TASK BRIEF: Images are to be excluded, and the rest of the data repeated exactly.

*** DATASET SECTION Section Begins ***

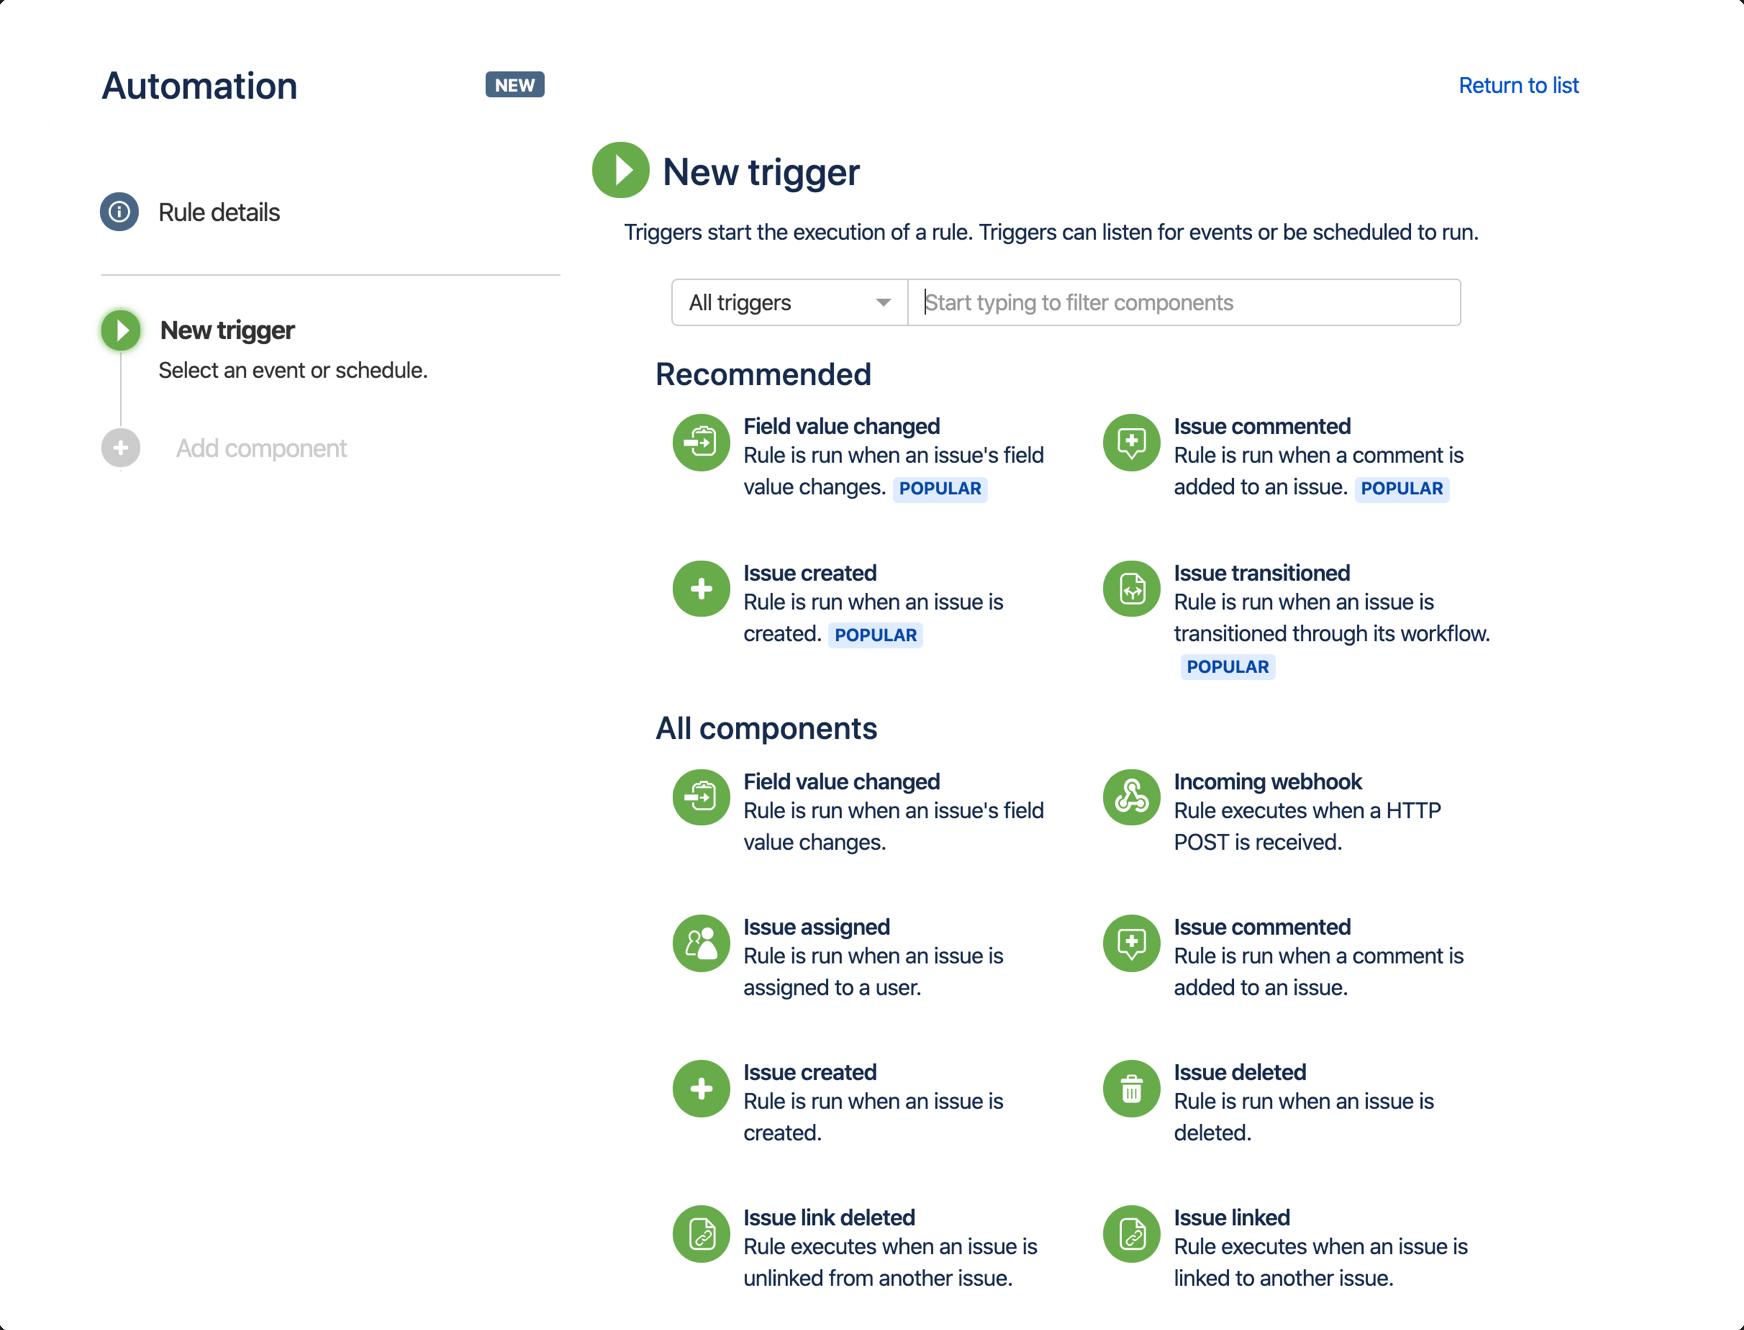 Zrzut ekranu zasad automatyzacji pojedynczego projektu
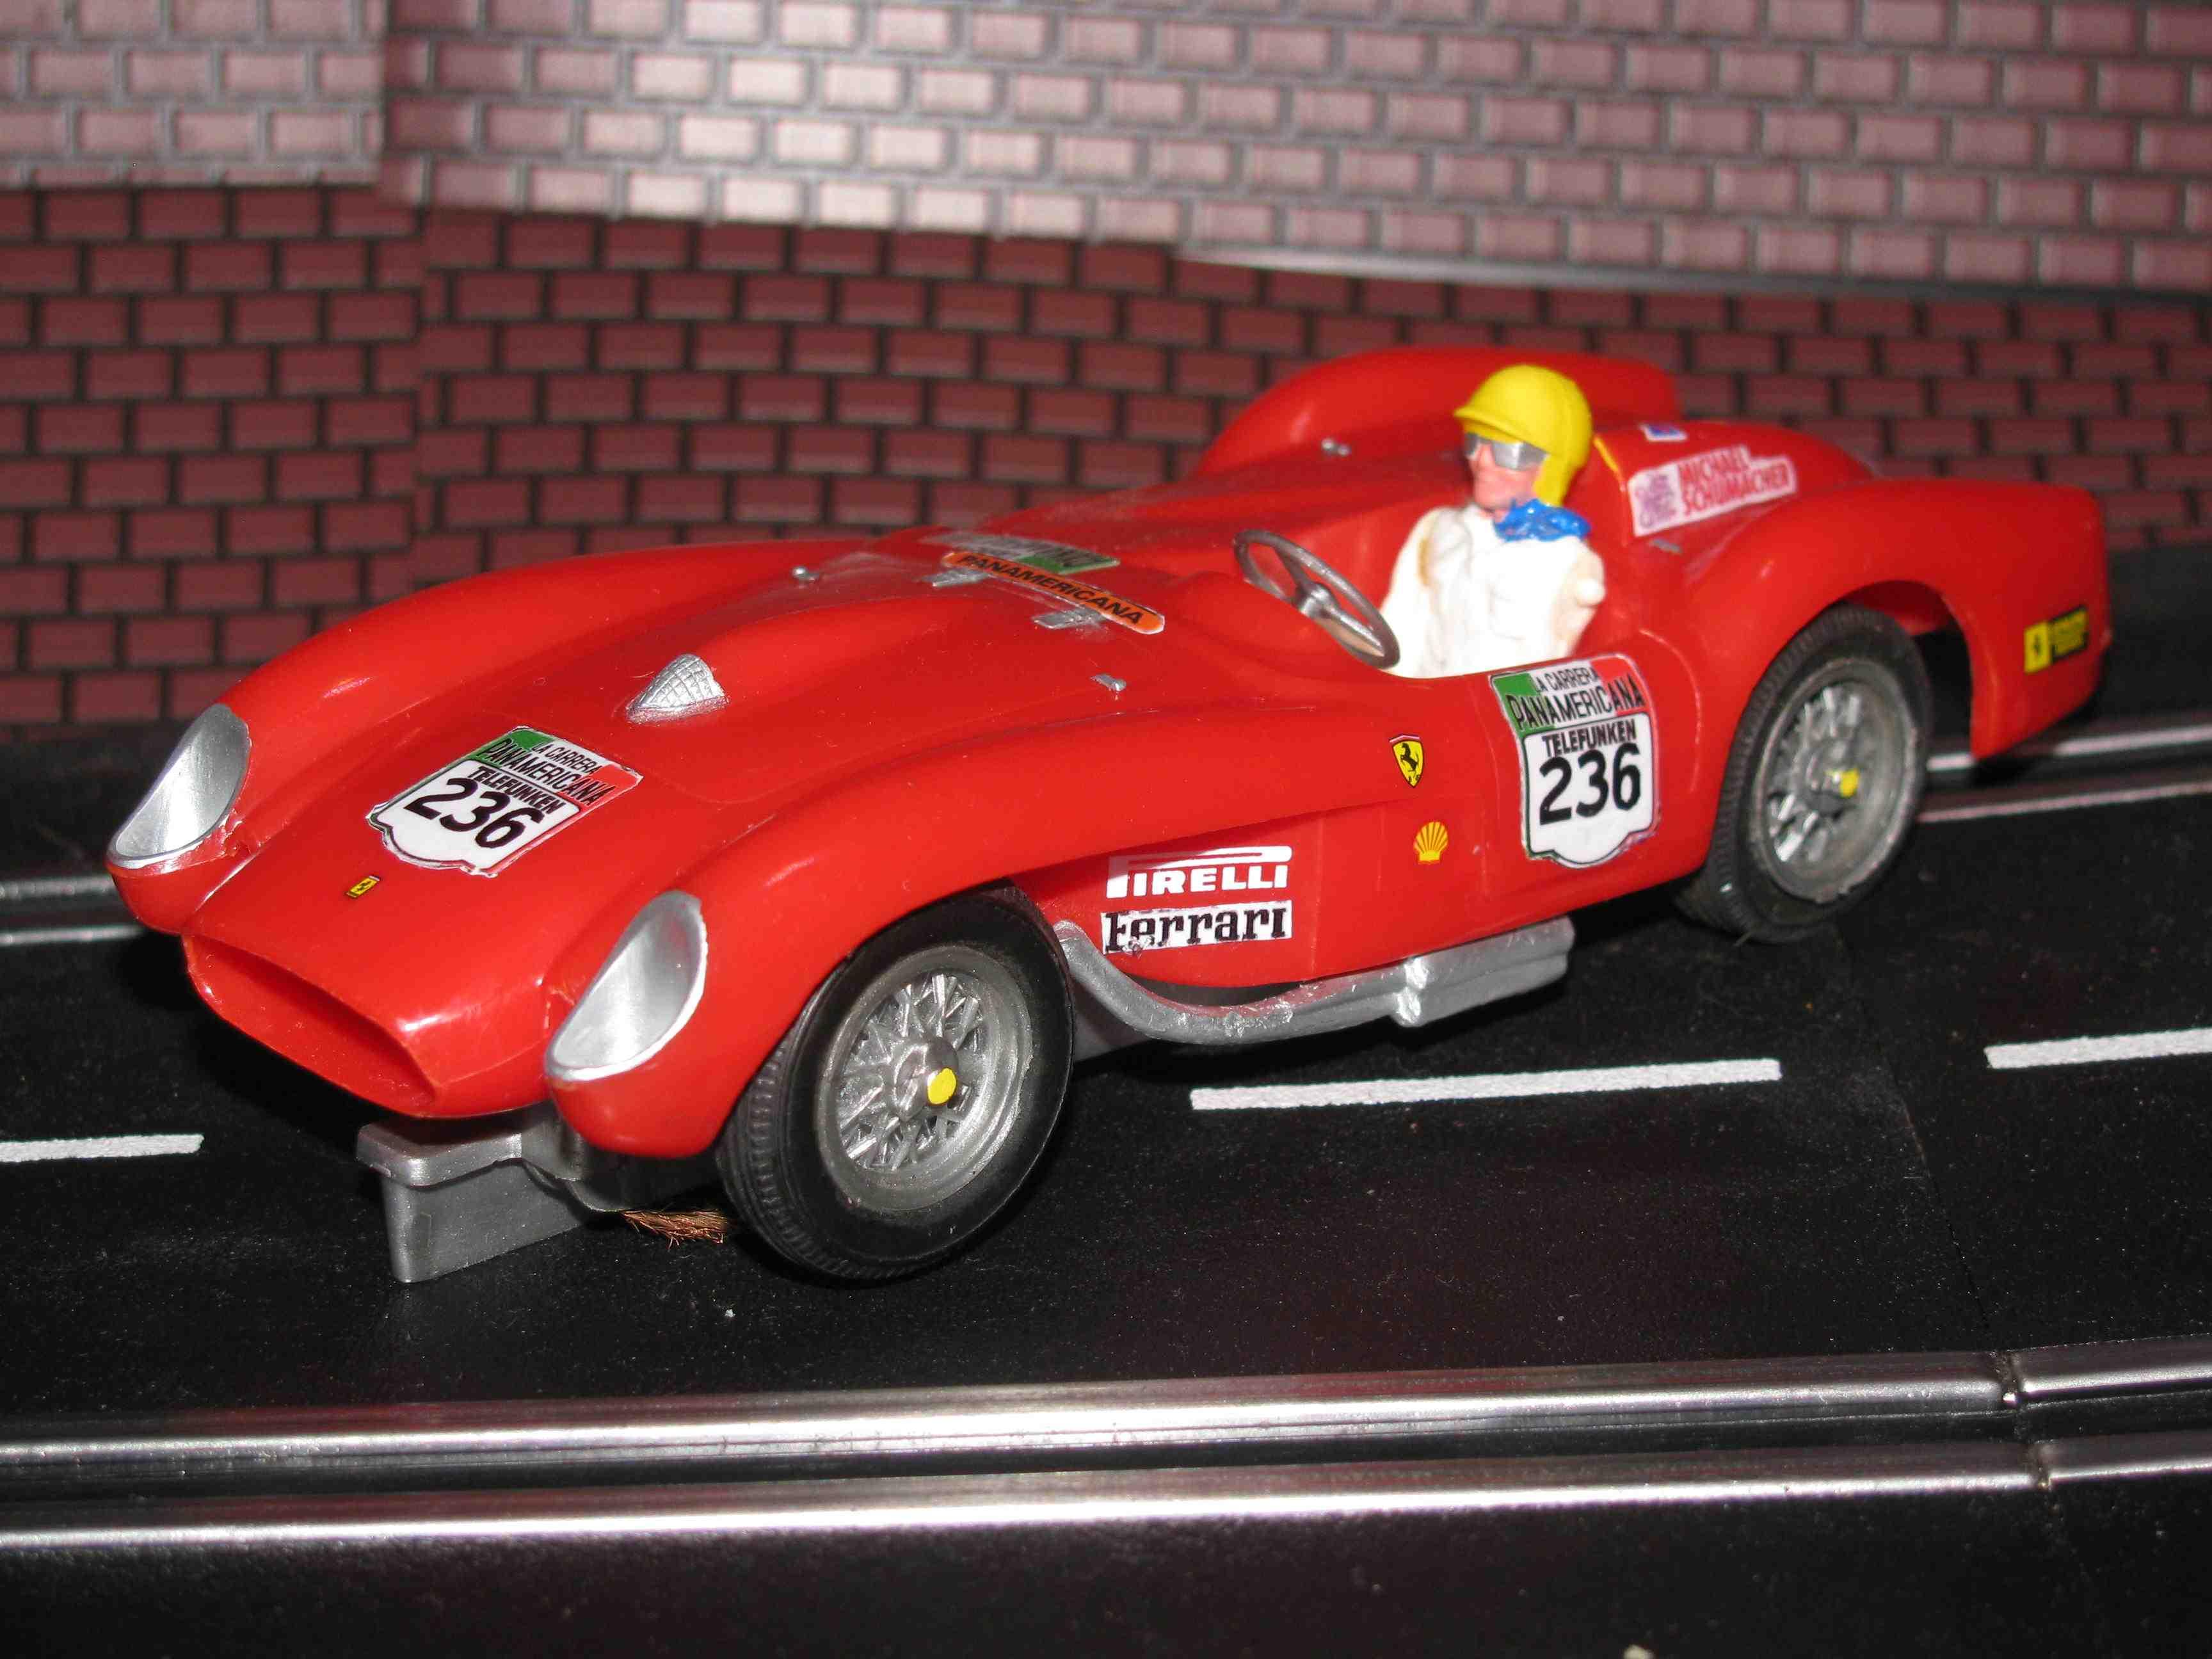 * SOLD * REVELL ORIGINAL FERRARI 250TR Testarossa Red - Car 236
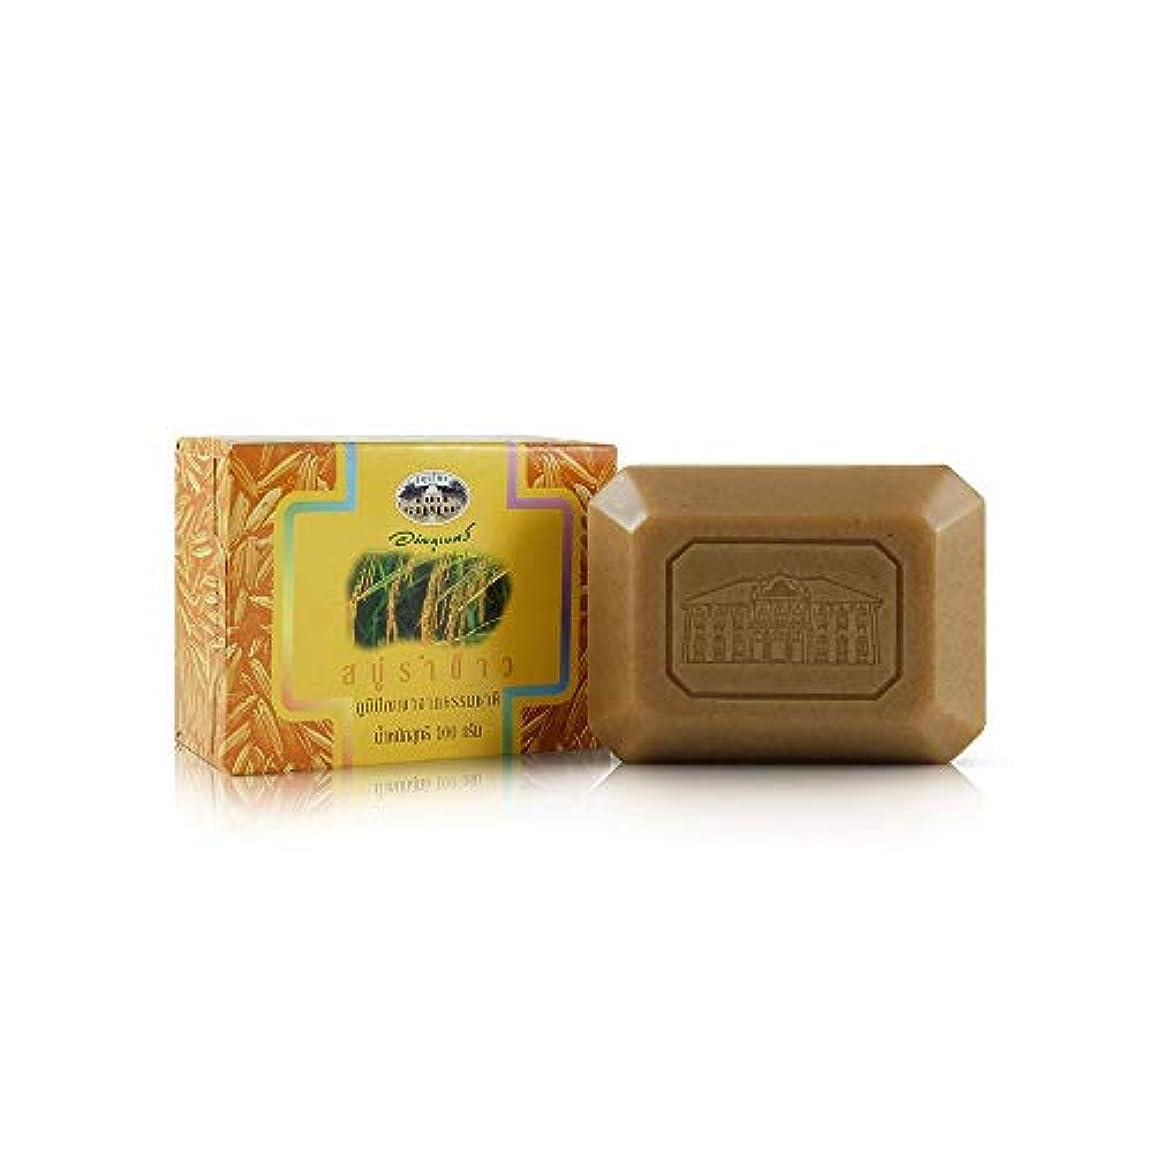 慈善まで掃くAbhaibhubejhr Rice Bran Herbal Body Cleansing Soap 100g. Abhaibhubejhrライスブランハーブボディクレンジングソープ100グラム。

*** DATASET SECTION Section Ends ***

RESPONSE BOX:
 Zrzut ekranu zasad automatyzacji pojedynczego projektu
 * SOLD * REVELL ORIGINAL FERRARI 250TR Testarossa Red - Car 236
 慈善まで掃くAbhaibhubejhr Rice Bran Herbal Body Cleansing Soap 100g. Abhaibhubejhrライスブランハーブボディクレンジングソープ100グラム。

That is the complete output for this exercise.